Кстати, раз уж речь зашла о Гимземине, необходимо заметить, он единственный, кто отсутствовал сейчас на поляне. Он вообще был странным вдоль и поперек: не любил массовых мероприятий, не любил других кукол, не любил ничего, кроме своих научных исследований. Он даже жил отдельно, вне Восемнадцатиугольника.
-- Да ничем она не смазана! -- чуть раздраженно ответил Ингустин. -- Она была случайно взята с одной из полок, как и все остальные книги. И вообще... откуда она такая у нас появилась?
Попытки отыскать хоть одно-единственное подпаленное место закончились безрезультатно. Бархатная обложка казалась свежей, улавливался даже приятный запах клея. Название -- аппликация из синей фольги -- гласило: `Сказания о Грядущем`.
-- Наверное, что-нибудь про будущее... -- предположил Фалиил.
-- Все книги, находящиеся в пределах Сингулярности, нами же когда-то и были написаны. Такую я точно не припомню. -- Авилекс лишь единожды докоснулся до обложки и резко убрал руку, словно обжегся неведомым. -- Что-то происходящее совсем перестает укладываться в моей ватной голове.
Ингустин наконец сделал то, что нетерпеливо ждали все, -- открыл первую страницу...
И -- ничего! Она была пуста. Белый лист лишь с единицей-номером вверху.
-- Да-а-а... -- протянул Фалиил. -- Наше будущее чисто, как наша совесть. Скажите, только у меня одного складывается впечатление розыгрыша?

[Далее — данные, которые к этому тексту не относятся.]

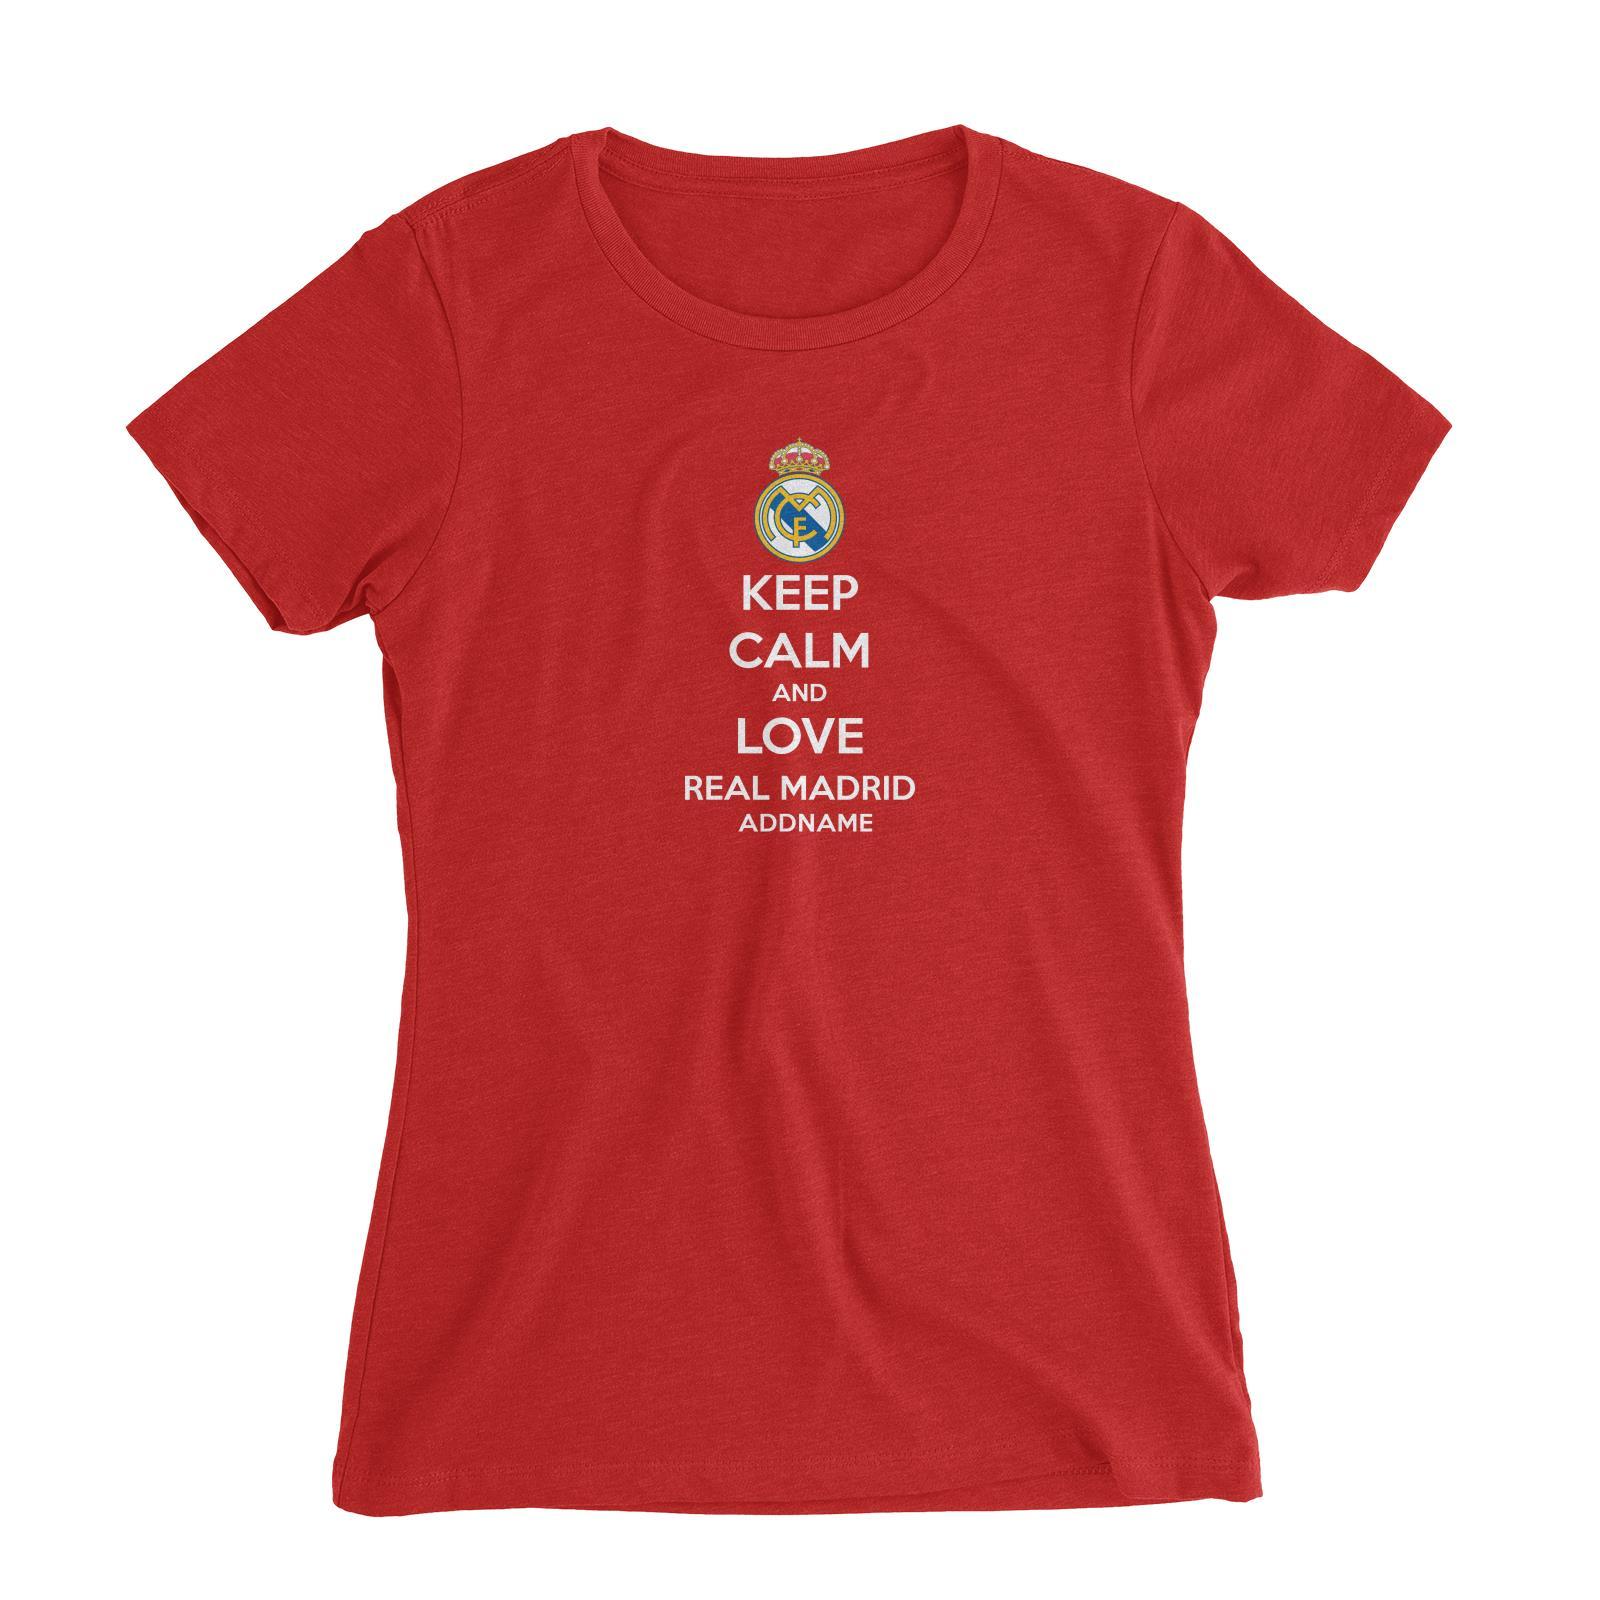 Real Madrid Football Keep Calm And Love Series Addname Women Slim Fit T-Shirt

Ингустин быстро перелистнул страницу, и снова та же картина -- девственная белизна по обоим краям, хоть бы одна буква где затерялась. Потом он несколько раз открывал книгу наугад посередине.

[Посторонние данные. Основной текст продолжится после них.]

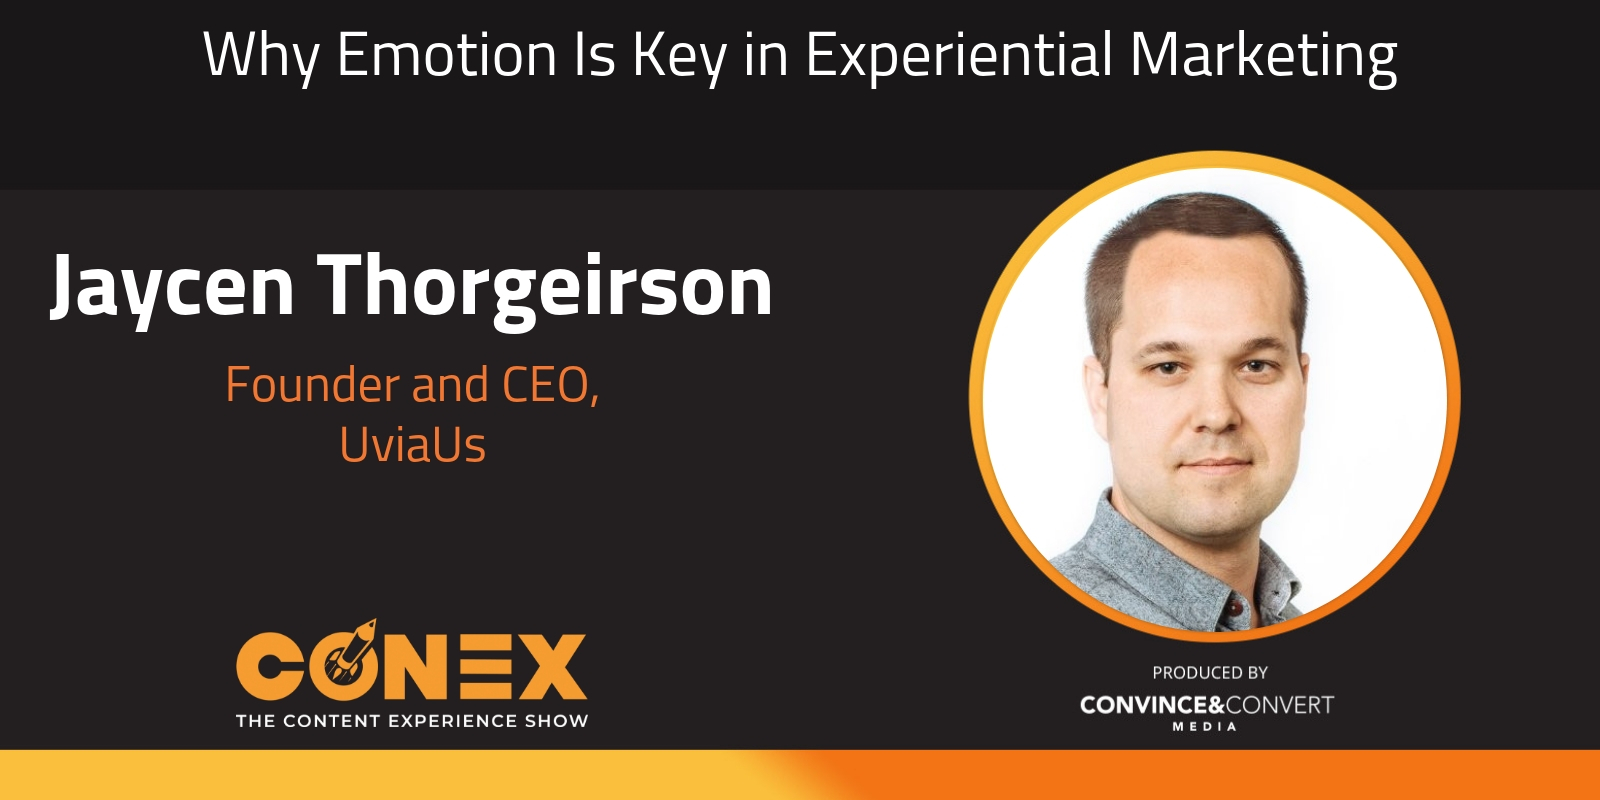 Why Emotion Is Key in Experiential Marketing

Ни слова. Ни фразы. Ничего вообще. Страницы были лишь пронумерованы, да и то, номера не всегда последовательно шли друг за другом.
-- Ну... розыгрыши обычно устраивают с целью всеобщего веселья, а тут даже погрустить не над чем. Слушайте, давайте ее попробуем еще раз подже...
-- Глядите, здесь, в самом начале, какая-то надпись! -- это первой заметила Винцела и спешно, почти скороговоркой, поделилась своим открытием. Действительно, на отвороте обложки в верхнем углу мелким почерком было написано...
Ингустин принялся выразительно читать:
-- `Знайте, в этой книге вырвана всякая страница с цифрой 9 и спрятана в пределах Сингулярности. Если вы отыщите все страницы и соберете книгу полностью, тогда написанное в ней откроется вашему взору`... -- он немного помолчал и от себя счел нужным добавить: -- Вот и все! Интересно было?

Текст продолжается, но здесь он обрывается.